The AWS Registry of Open Data (RODA) hosts the following datasets in a parquet format in a public S3 bucket which you are free to copy. 

However, in an effort to make these datasets more consumable, the CloudFormation templates below will create the corresponding AWS Glue database, tables, and schemas in your account's AWS Glue Data Catalog. 

This allows you to start querying the data with Athena directly out of the public S3 buckets, **in seconds**, with zero servers or networking to setup. 

![](http://devspacepaul.s3.us-west-2.amazonaws.com/dlac/howitworks.png)

Going further, you can use standard JDBC/ODBC to query these databases with your own notebooks, business inteligence tools, plotting software, Redshift or EMR clusters, or even your local development machine. 


## One time prerequisite 

If you have never used Amazon Athena in your account before, you need to [setup a default query location](https://docs.aws.amazon.com/athena/latest/ug/querying.html#query-results-specify-location-console). This should only take 2-3 minutes to do.

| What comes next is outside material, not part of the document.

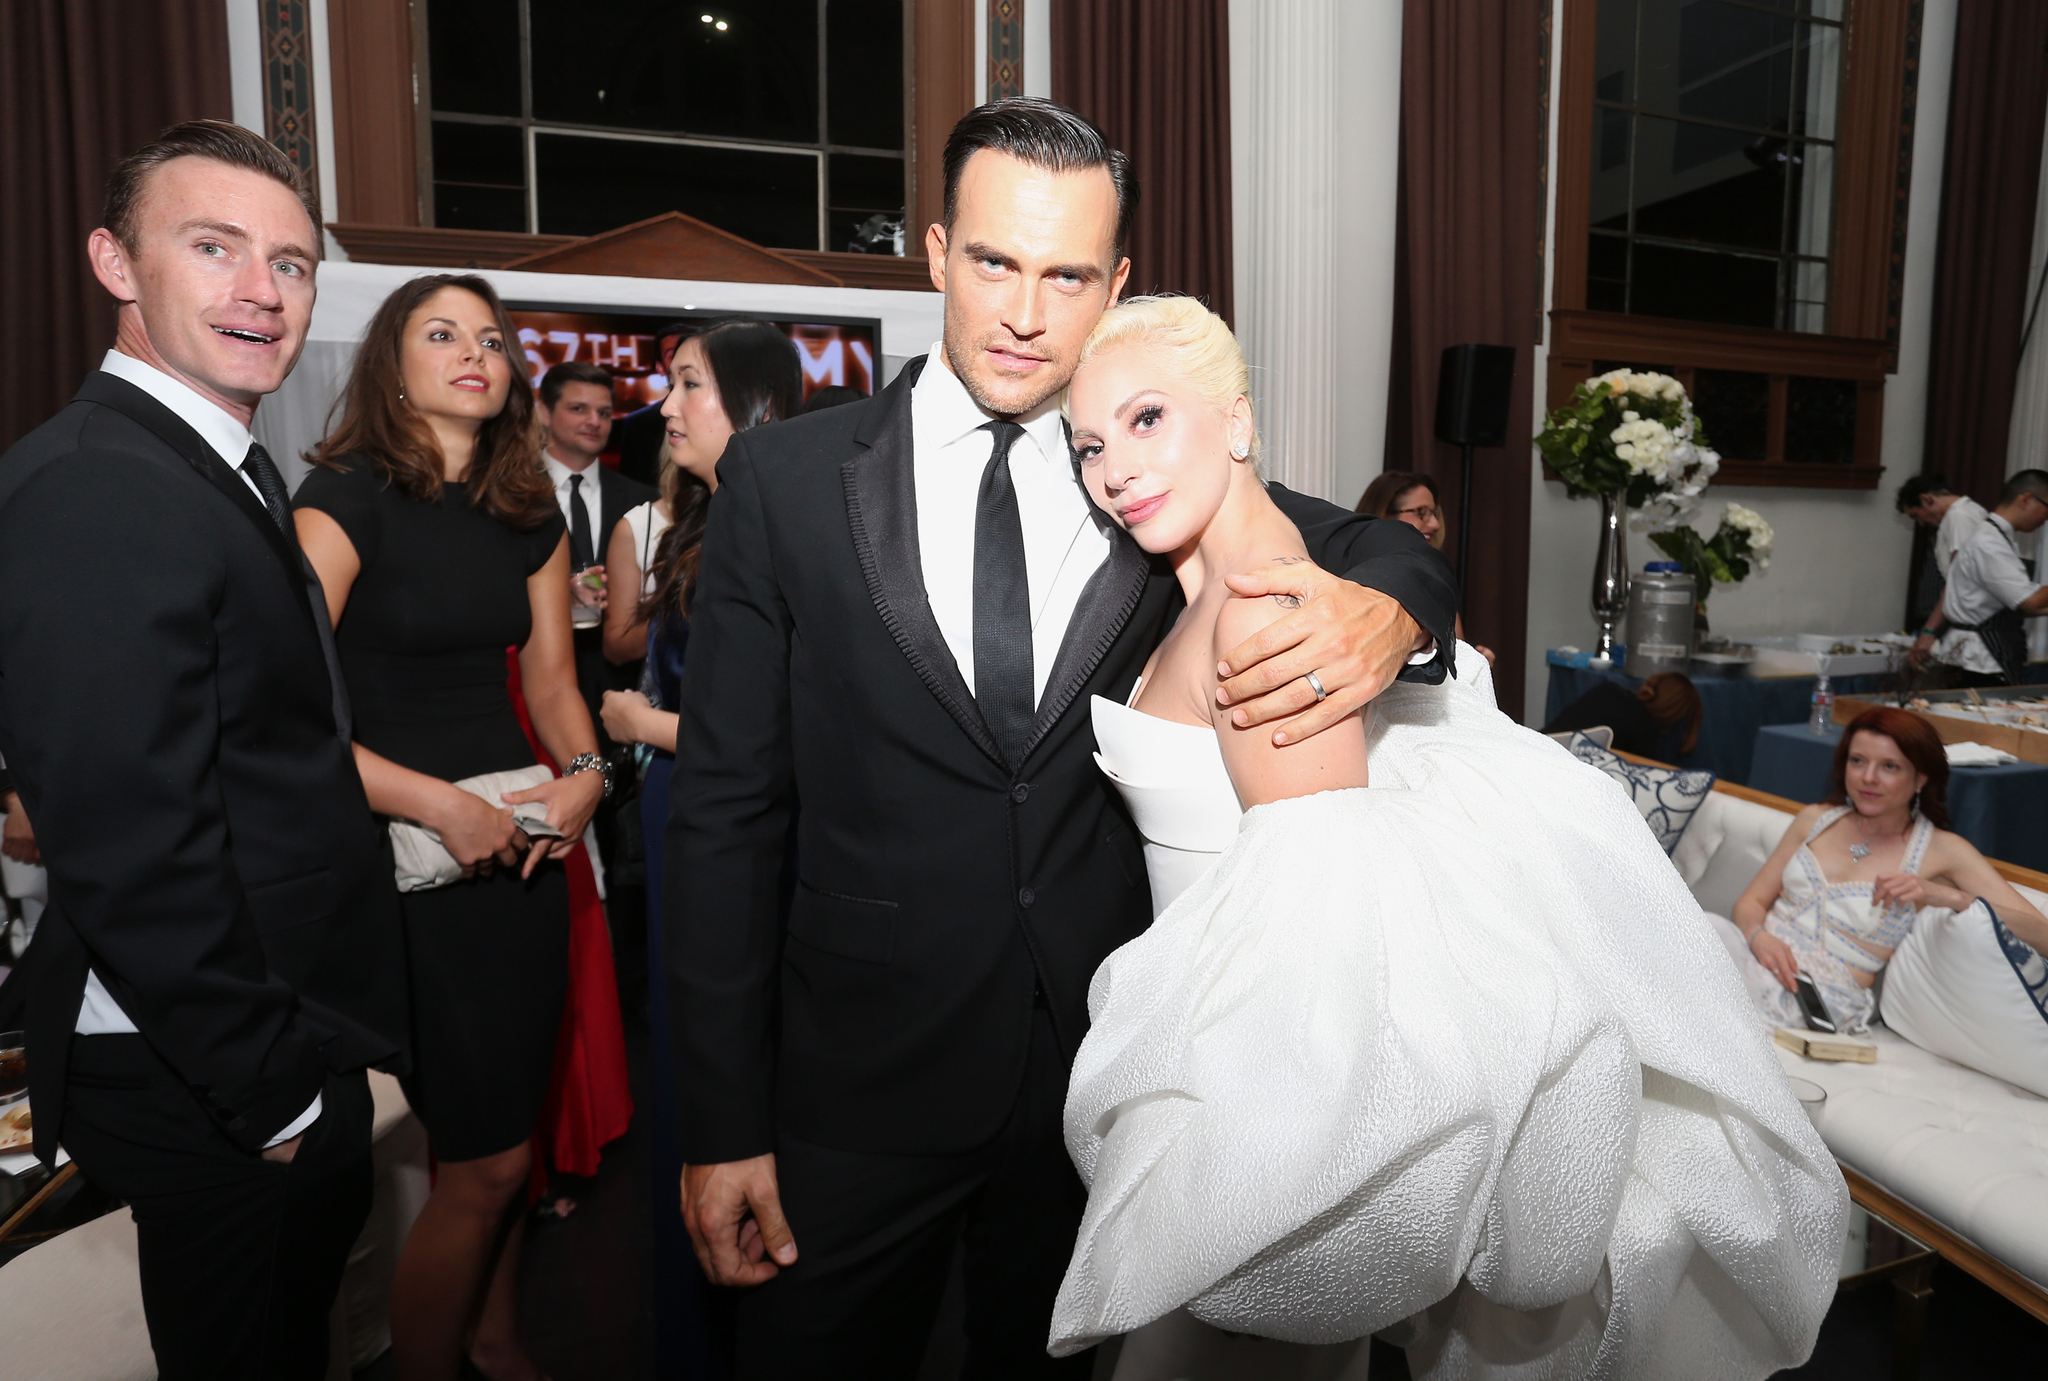 Cheyenne Jackson and Lady Gaga at event of The 67th Primetime Emmy Awards (2015)

You only need to do this once. 

## Deploy this into my account

Click the links below for the data set you are interested in. Then click the "Create stack". Make sure you are in your preferred region. 


## Latest Versions:


### [Chembl 27 ![](https://s3.amazonaws.com/cloudformation-examples/cloudformation-launch-stack.png)](https://console.aws.amazon.com/cloudformation/home?#/stacks/quickcreate?templateUrl=https%3A%2F%2Faws-roda-hcls-datalake.s3.amazonaws.com%2FChembl.27.RodaTemplate.json&stackName=Chembl27-RODA) 

### [Open Targets 20.06 ![](https://s3.amazonaws.com/cloudformation-examples/cloudformation-launch-stack.png)](https://console.aws.amazon.com/cloudformation/home?#/stacks/quickcreate?templateUrl=https%3A%2F%2Faws-roda-hcls-datalake.s3.amazonaws.com%2FOpenTargets.20.06.RodaTemplate.json&stackName=OpenTargets-20-06-RODA)

### [BindingDB ![](https://s3.amazonaws.com/cloudformation-examples/cloudformation-launch-stack.png)](https://console.aws.amazon.com/cloudformation/home?#/stacks/quickcreate?templateUrl=https%3A%2F%2Faws-roda-hcls-datalake.s3.amazonaws.com%2FBindingDbRodaTemplate.json&stackName=BindingDB-RODA)

### [Genome Tissue Expresssion Database ![](https://s3.amazonaws.com/cloudformation-examples/cloudformation-launch-stack.png)](https://console.aws.amazon.com/cloudformation/home?#/stacks/quickcreate?templateUrl=https%3A%2F%2Faws-roda-hcls-datalake.s3.amazonaws.com%2FGTEx.8.RodaTemplate.json&stackName=GTEx-8-RODA)

It should take approximately 60 seconds for the stack to finish deploying.

The GTEx data set requires one extra step after the deployment. The `exon_reads` table has > 17k columns. Expressing all of those columns in YAML would exceed the CloudFormation max template length! Once the GTEx template deploys, go the [AWS Glue Console](https://us-west-2.console.aws.amazon.com/glue/home?#catalog:tab=crawlers), check the box next to the `gtex_8_awsroda_crawler` and click 'Run crawler'. Once it finishes (1-2 minutes) you can query the GTEx data just like the other datasets. 

## Query the data!

Go to the [Amazon Athena](https://console.aws.amazon.com/athena/home?force#query) console.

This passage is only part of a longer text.